Therre is quite a drastic solution, drastic in two ways:
First: Instead of using the Microsoft Webbrower Control, use WebkitX ActiveX - you can get the 32bit from The usage to use it as PDF viewr is as simple as navigating to the PDF file.
You put an Olecontrol on the form, pick "WebkitX" from the control type list that comes up when you add an Olecontrol to a form.
You now just need one line in the "OnBrowserReady" event of that control:
Code:
this.Open('file://C:/Your/Path/To/Some.pdf')
And that's it.

The reason why it's so simple is shortly explained: While MS IE browser still needs plugins to display file types other than images or HTML, browsers like Firefox and Chrome have built-in support for PDF, for example. So that's exactly what I expected to work, you just navigate to a file URL of the PDF and the rest is done by the browser control. You can expect it have better compatibility with modern HTML5 and latest JS versions, too. I'll not go into details about what this enables. The fly in the ointment of course is licensing cost of 600 GBP.

I also assume Adobe Preview differs from the native WebKit PDF viewer and maybe that'll already be a show stopper alone. Also the problem may be in the treeview control instead. But I think from all I found the problematic part is the PDF viewer. There are other solutions, PDF.js seems to be a standard. You can test it in a JSFiddle: but, well, navigate there with an MS Webbrowser control and you see how problematic that is.
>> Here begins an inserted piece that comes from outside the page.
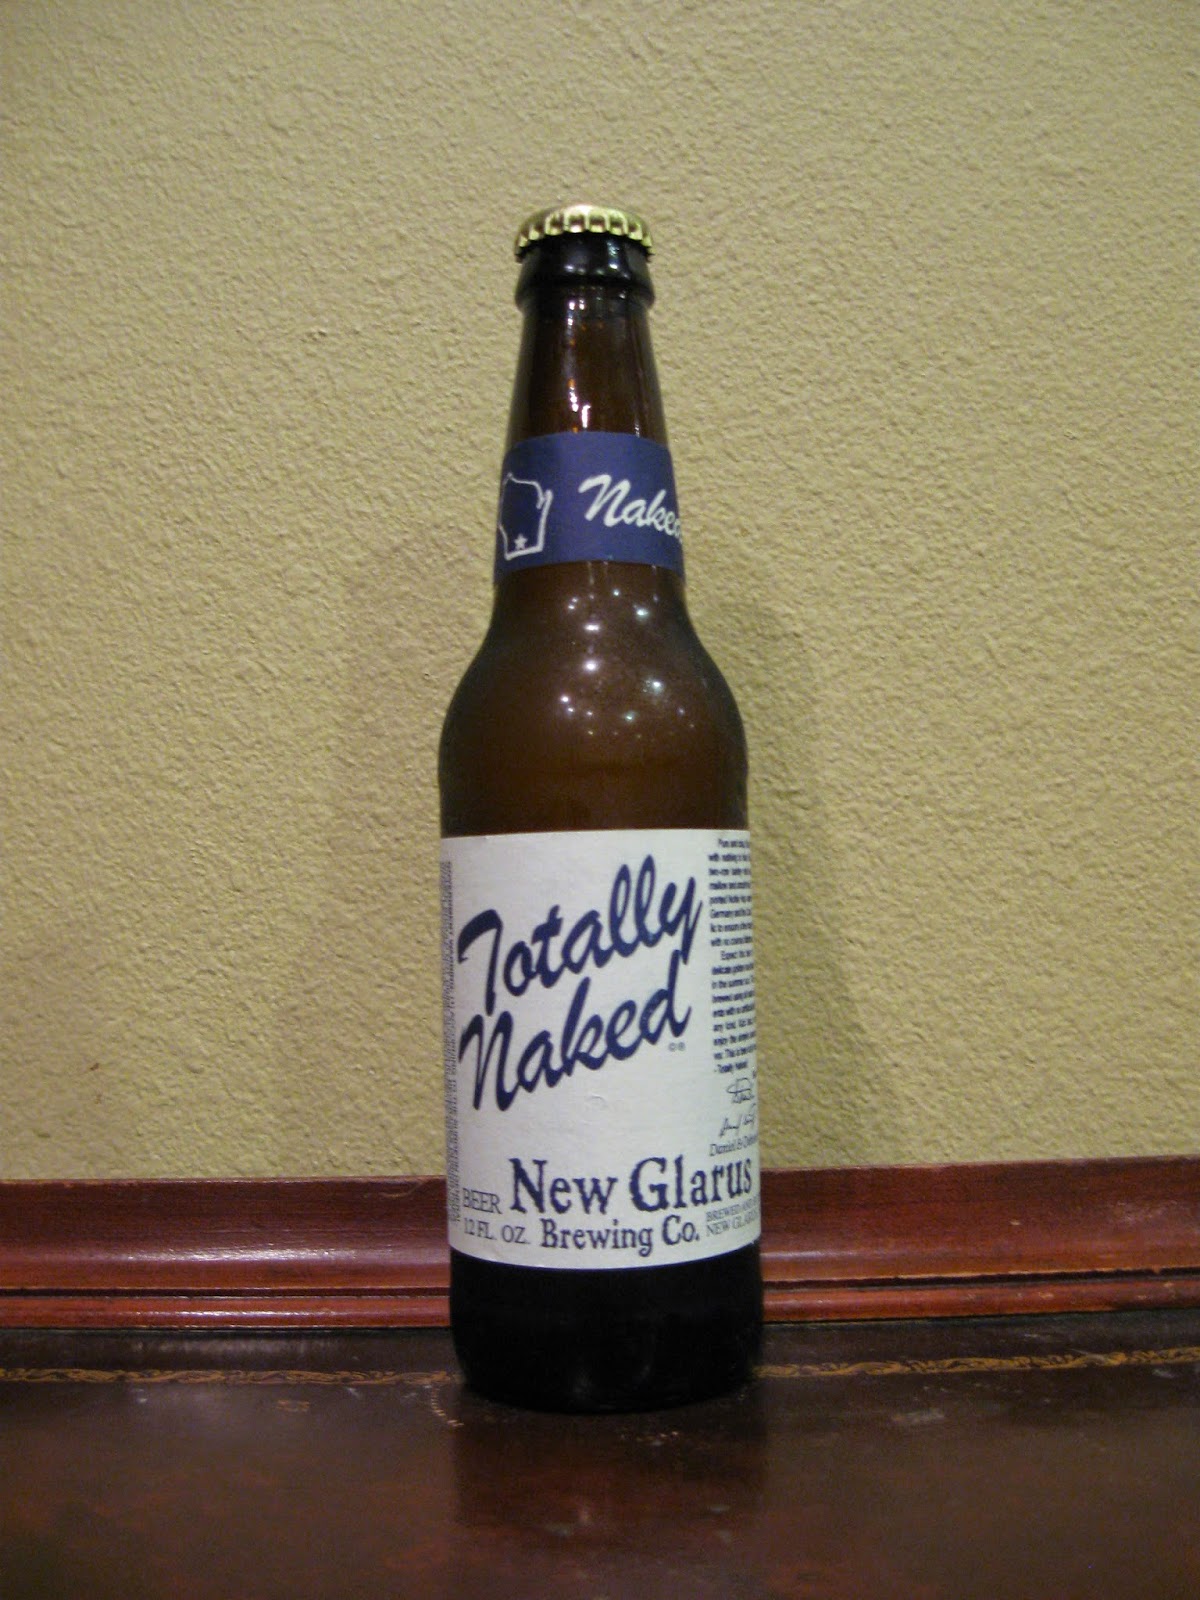 New Glarus Totally Naked Extra Pale Lager • RateBeer

In the end PDF support only needs a PDF viewer plugin that installs into IE 11, 32bit, too. One tip for Adobe also was to do the simplest thing you can do: De- and reinstall it to get it fixed. Anyway, I wanted to showcase this for it is a very interesting ActiveX component that can be used for better support of modern HTML within a VFP desktop application. Not only for PDF. Just look at the documentation if it.

Chriss
 
Hi Chris,
I have looked at third party controls. Not really an option at this stage due to cost.
I am considering running a document preview in another thread. The users can have this running on their second screen and I will use a node server or similar to listen to the latest file to be loaded.

I have been testing the freezing issue and have found that the issue only occurs when using a treeview to make the file selection.
Making the file selection with the treeview without sending to the web browser does not freeze the form either.

I made a temporary button on a form that has a link to a file in the click event, and I can click this many times and shows/reloads the pdf in the web browser with no freeze up.
I will keep looking and report back if I find a solution.

Alastair

PS EDIT
I added a timer to the container class that holds the treeview, and called the timer from the treeview nodeclick.
That way the treeview is not calling the web browser directly, and this seems to work.




 
AlastairP said:
I added a timer to the container class that holds the treeview, and called the timer from the treeview nodeclick.

A timer running its Timer event once is a good way to have an asynchronous call. Doing that one call that could freeze up in a timer that first disables and releases itself after the call can actually ensure it doesn't freeze, or you won't care for it. It could just hit you when exiting the application and there are timers sitting in memory stuck at their timer event. But I never had that problem.